EXERCISE INSTRUCTIONS:
Give the listing again exactly, skipping any pictures it holds.

RAW DATA:
··········

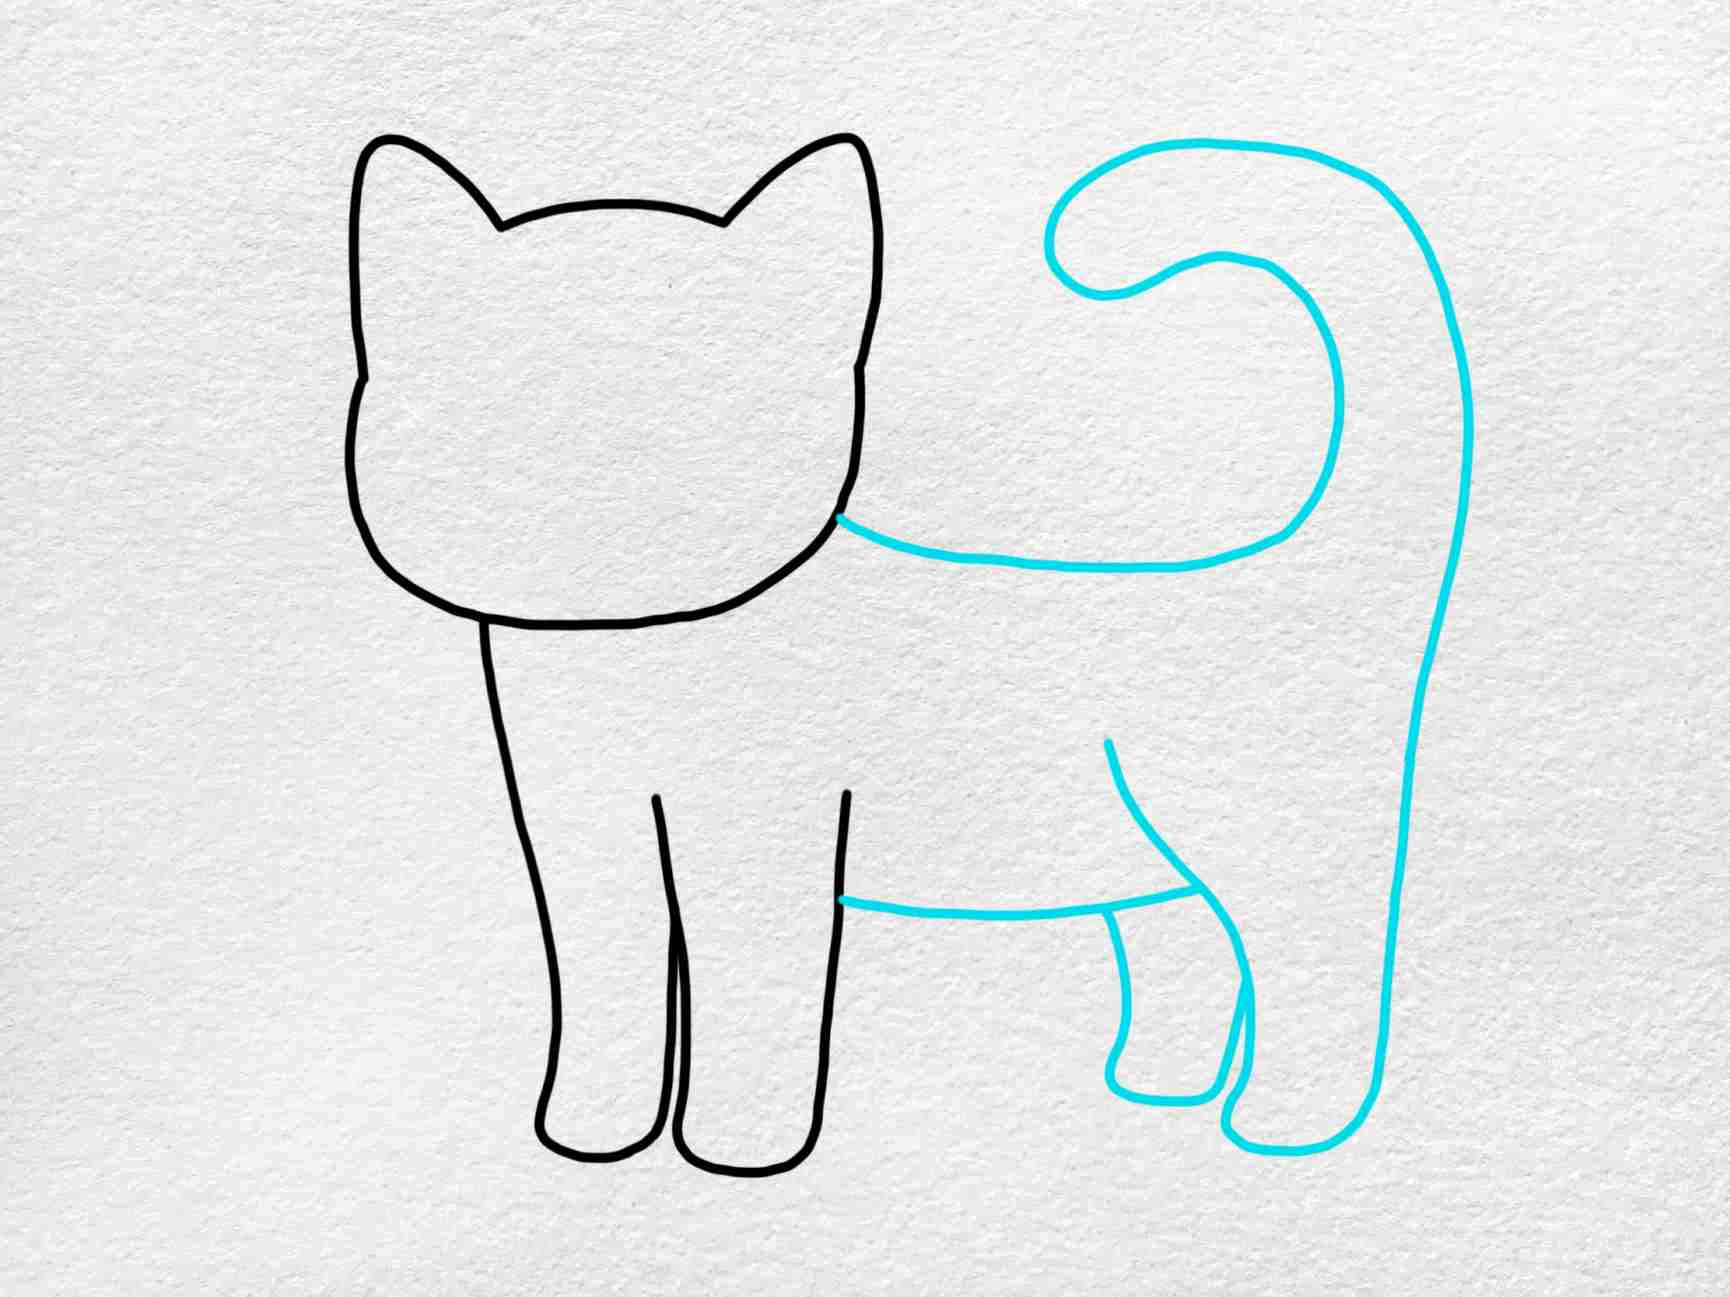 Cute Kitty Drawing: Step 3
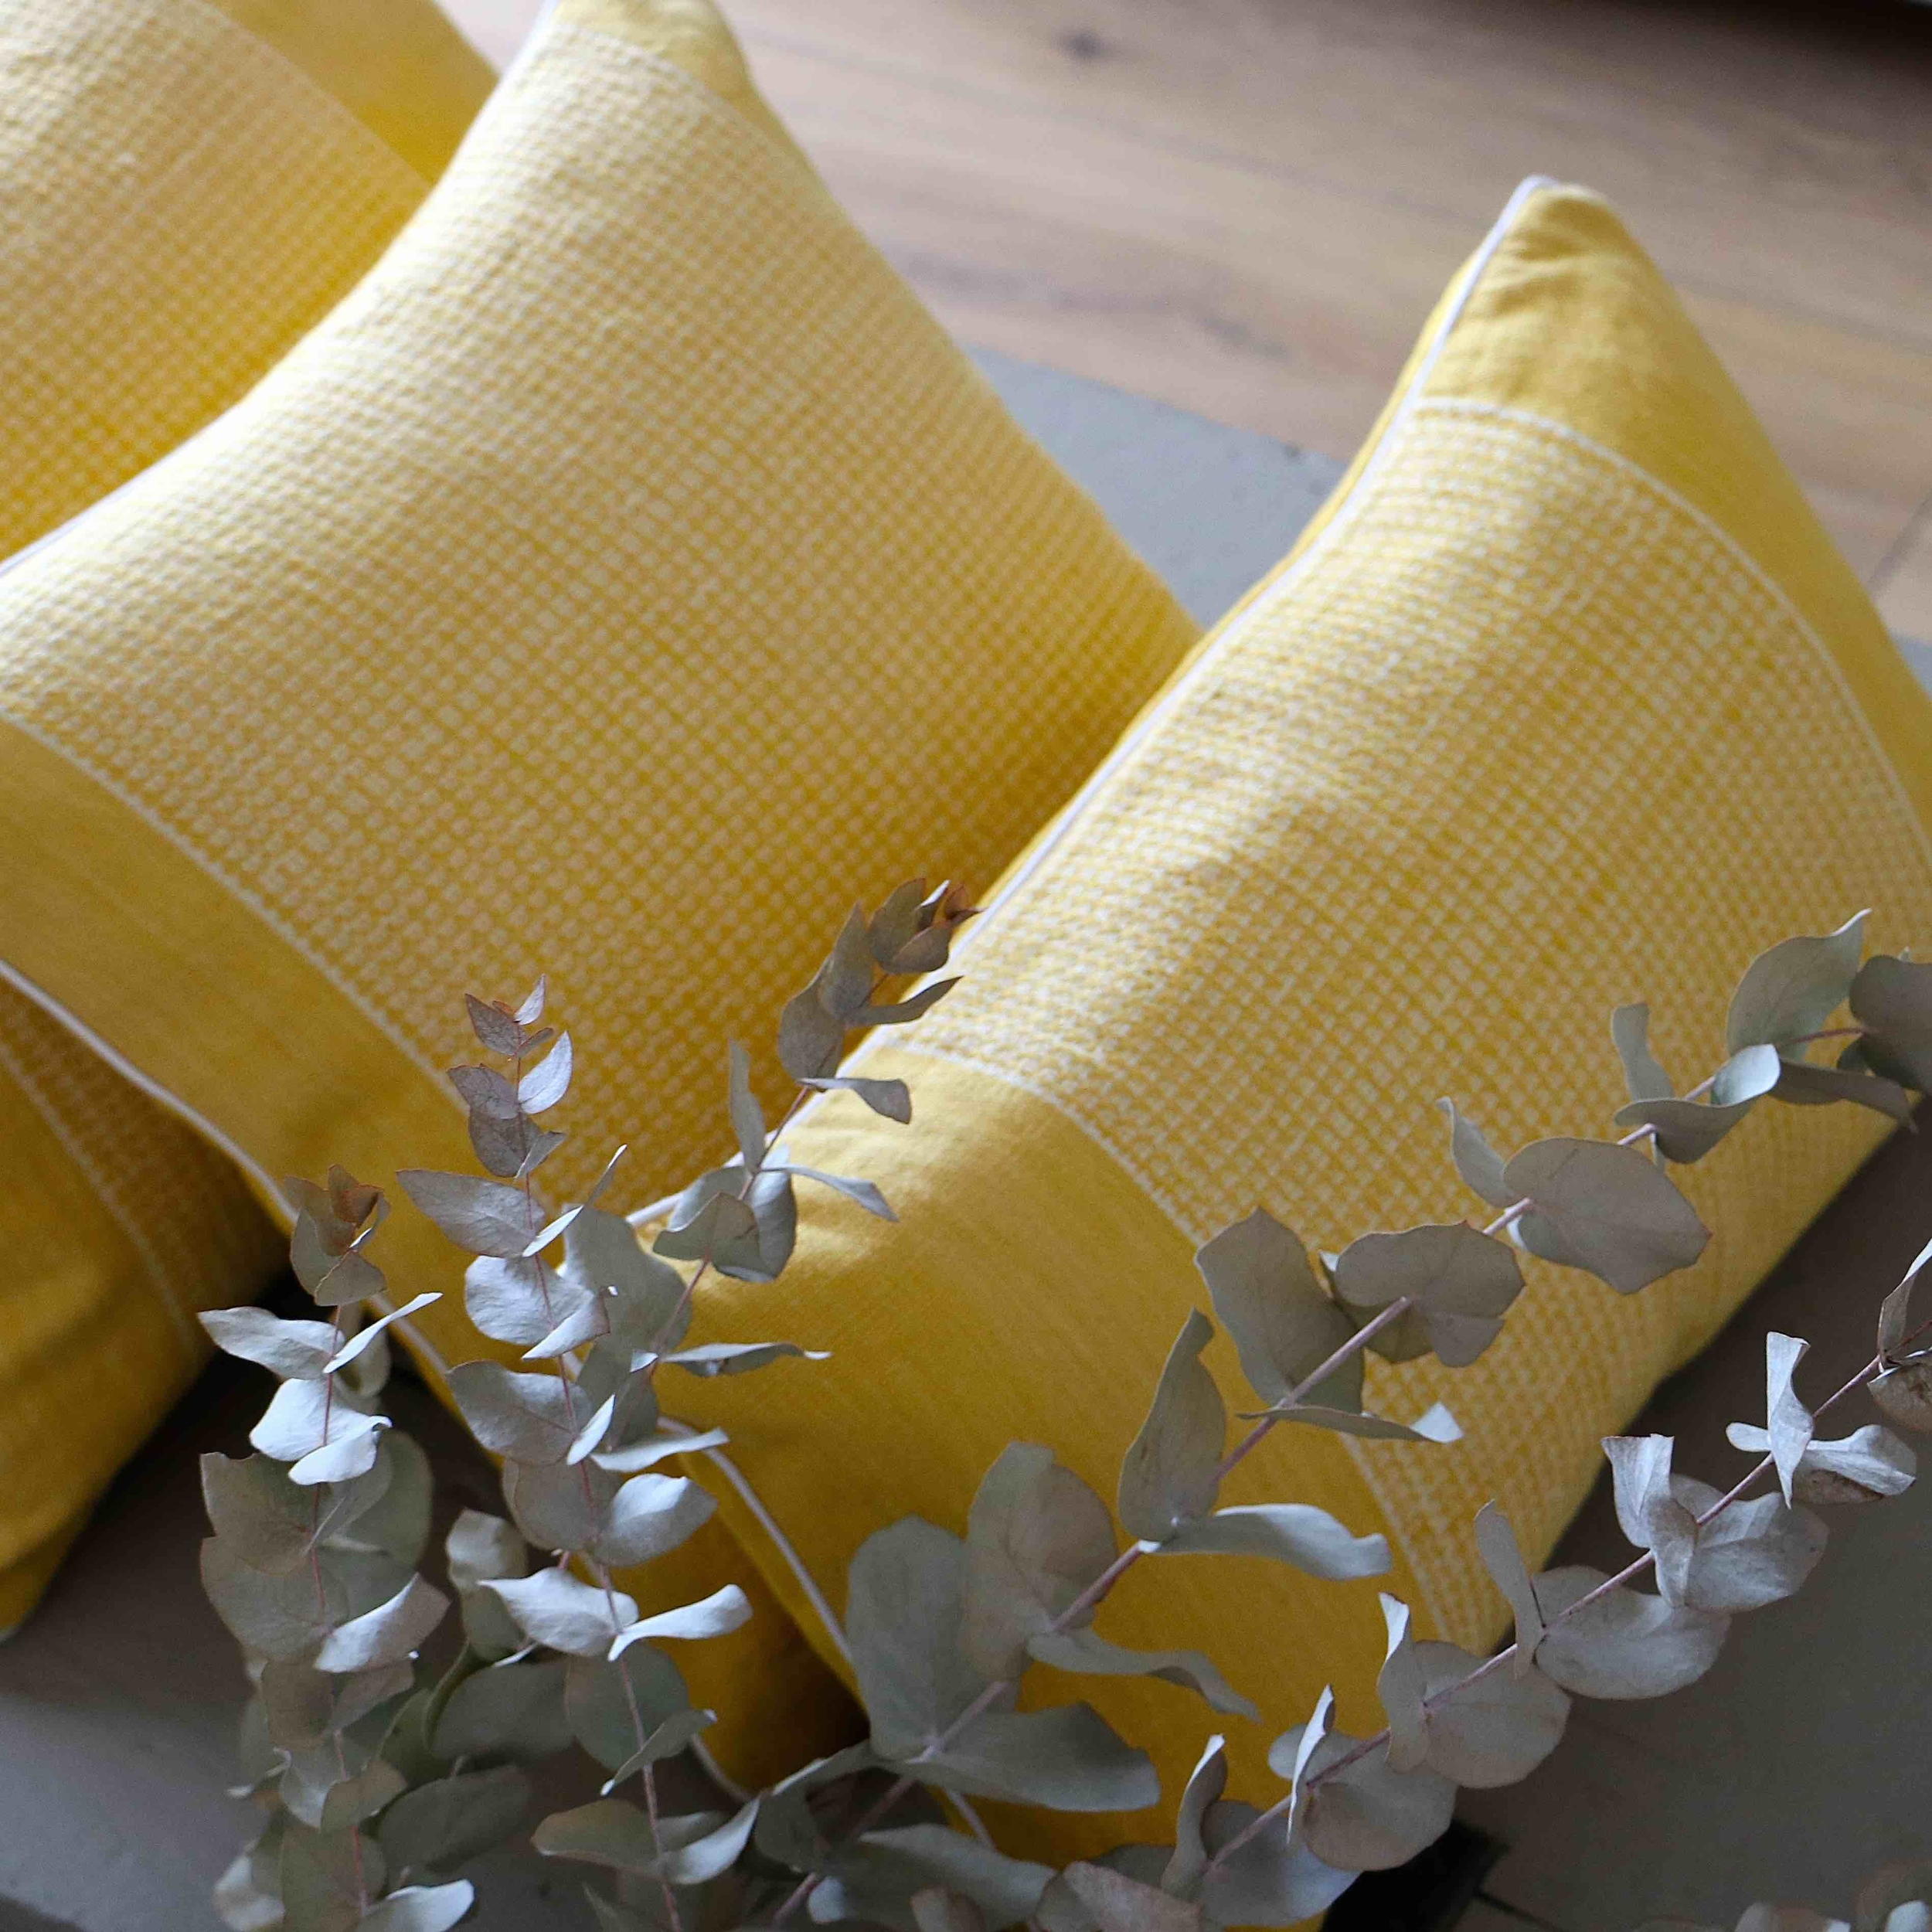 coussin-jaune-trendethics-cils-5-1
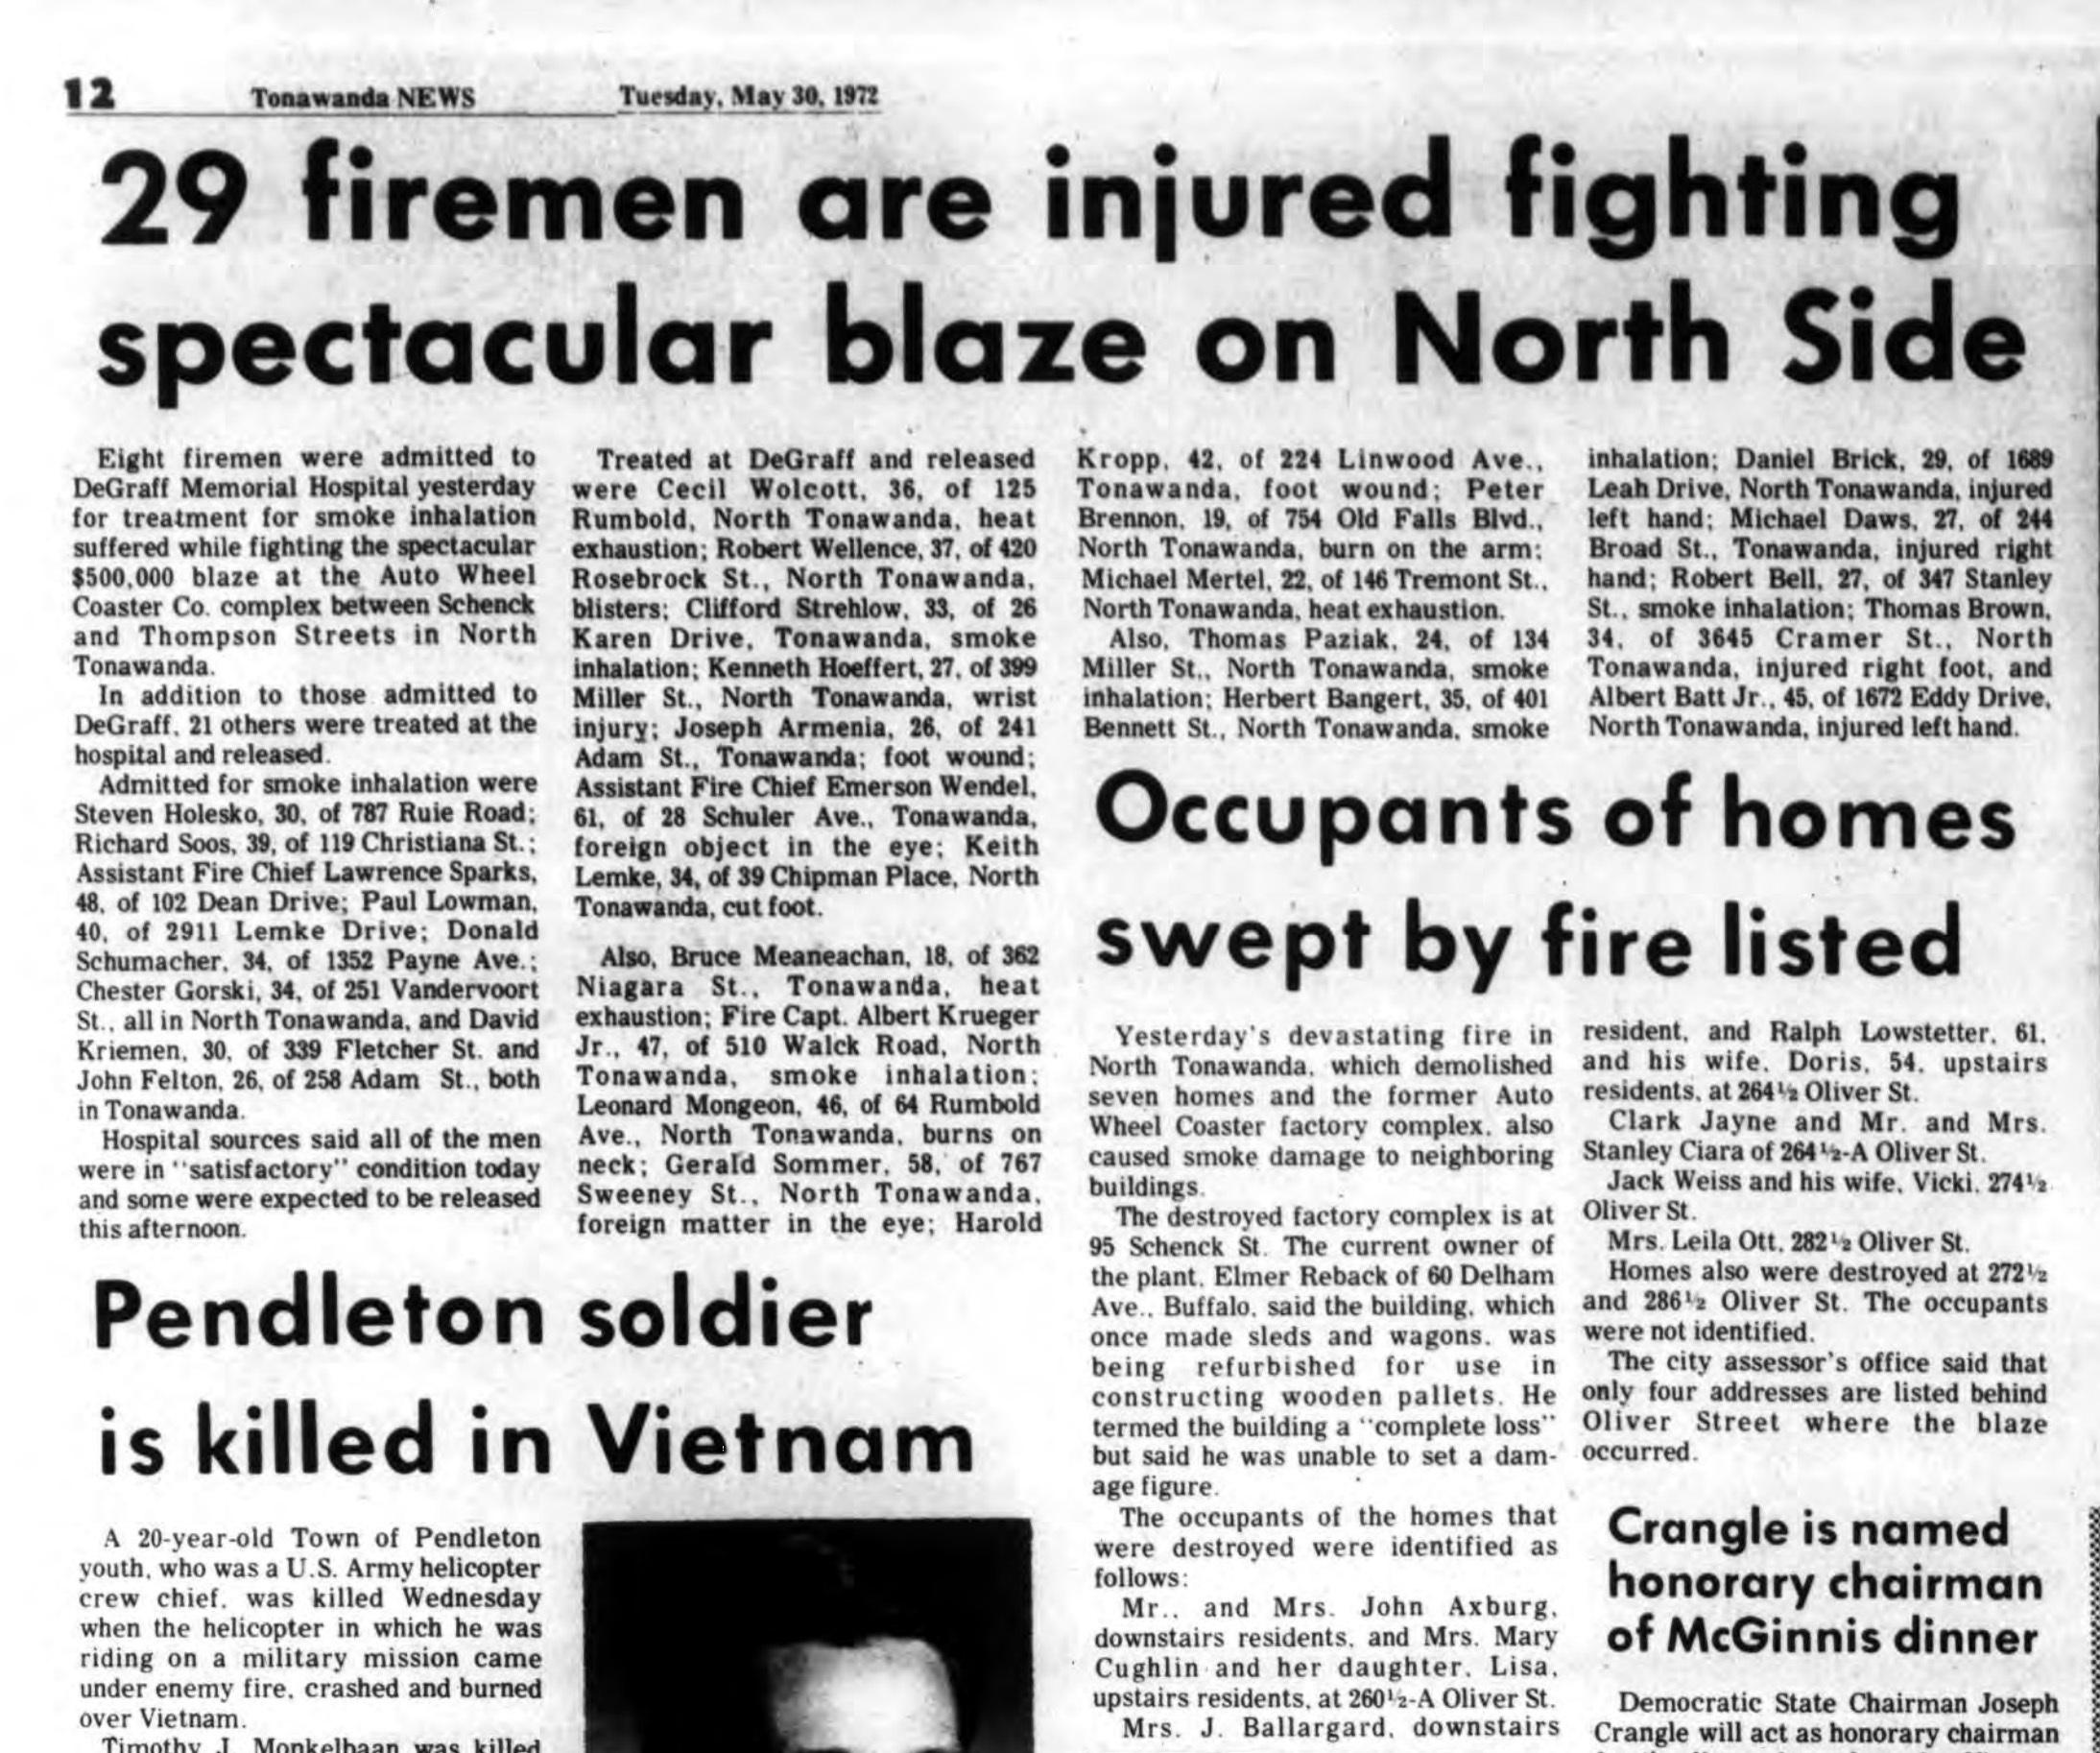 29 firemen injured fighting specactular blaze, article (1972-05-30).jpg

··········

ANSWER FOR THE TASK:
 Cute Kitty Drawing: Step 3
 coussin-jaune-trendethics-cils-5-1
 29 firemen injured fighting specactular blaze, article (1972-05-30).jpg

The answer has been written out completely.